I had a similar scenario where the main character hears a somewhat distant conversation and, depending on some stats, you can hear the full conversation, some of it, or almost nothing. I stripped pieces of the conversation or words away and filled up the space with underscores to let the player know there was unintelligible noise there. That lets the reader have some information but it leaves place to the interpretation they would manage to make, if any.
Having a conversation with someone speaking a foreigner language is different though. Maybe it is possible to just say you don’t understand anything of it but make more emphasis on the corporal and facial expressions to give the reader a little more information about that (according to the amount of expression said character has)
If you wanted to do a bit more work but get something translatable, there are generators for that.
Like Vulgarlang, which I’m most familiar with. This tumblr post has a resource list for anyone interested.
And if you just need some tools to generate words this site has some more links.
There’s also a conlang discord but that might be a bit too much if all you want is a few sentences.
I don’t know how helpful this is for what you want.
I am just rather fond of languages and conlanging, even if I’m not actively creating as often as I’d like.
Hope there’s something useful for someone here, anyway.
Edit: if you know that already, you can of course freely ignore this post.
Edit2: if I don’t answer or react, it’s because I’m asleep. It’s getting kind of late here but this is such a fun topic for me that I couldn’t resist. I wish you good luck with your project
Hi! Thanks so much for those resources, I’ll check them out tonight.
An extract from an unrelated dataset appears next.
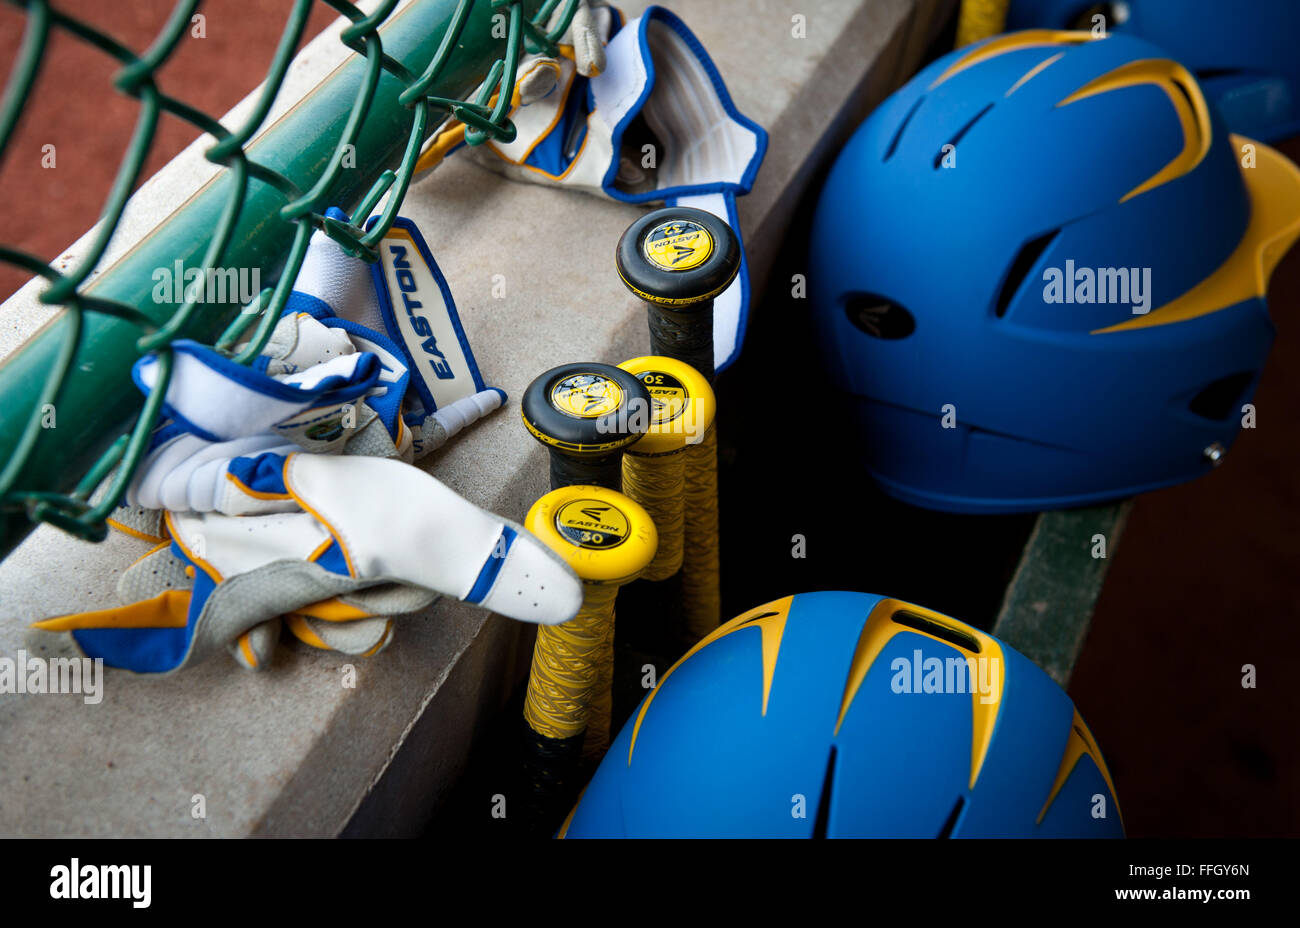 At the 2012 Little League World Series, teams representing each region of the world were given new baseball equipment. The LLWS was held in South Williamsport, Pa. Stock Photo

You might tempt me to try and pull a Tolkien after all I’ll try and post my updated mini conlang here when I’m done with it.
Until now I’ve just written a simple encoding script so I can type any phrase with the latin alphabet and get something that visually looks like a language, it also has different symbols for capital letters. For example “Thank you so much Sanadi for your advice.” would be: “Ƣƀɚʌω ɼɘɵ ɱɘ ʂɵƙƀ Ơɚʌɚơɽ ʞɘʉ ɼɘɵʉ ɚơơɽƙı” It looks language-ish but can be improved (for example that “ʌω” looks awkward). I’ll have to play around with which symbols to use so it looks more cohesive. It’s probably worth it to put some more effort since this is spoken by a main character that is there for the entire (short) story. Even though players might not even choose this option and might choose for their character to be fluent instead.
I agree it’s fascinating. At some point I thought about studying linguistics and tried to learn Esperanto lol. I can talk about linguistic differences and what they mean culturally for hours.
edit: I scrolled back and my encoded stuff looks so much worse than the little snippet I posted before. :,) wish me luck
hah. yeah, that works. The thing is that a) there are quite a lot of lines and b) even when you don’t understand a language, you can still gain information from hearing it. For example after a while you might notice a word gets repeated a lot in a certain context. How long was the person talking? (Was it just a phrase or did he explain something in length?). Usually you can tell if something is a question also, even without understanding the language. So for example seeing: “Ɣɘʋ ɚʉı ɼɘɵ?” tells you the person is asking a short question. You could also write “He says something you don’t understand, it’s fast and sounds like a question.”, but I thought it would be more immersive to do it this way. But I guess the most important reason is c) I think this way is more fun
I’m glad you found it helpful. I’ll keep an eye out for your work.
It looks like you put a lot of thought into the possibilities already.
I’m excited and hope it goes well for you.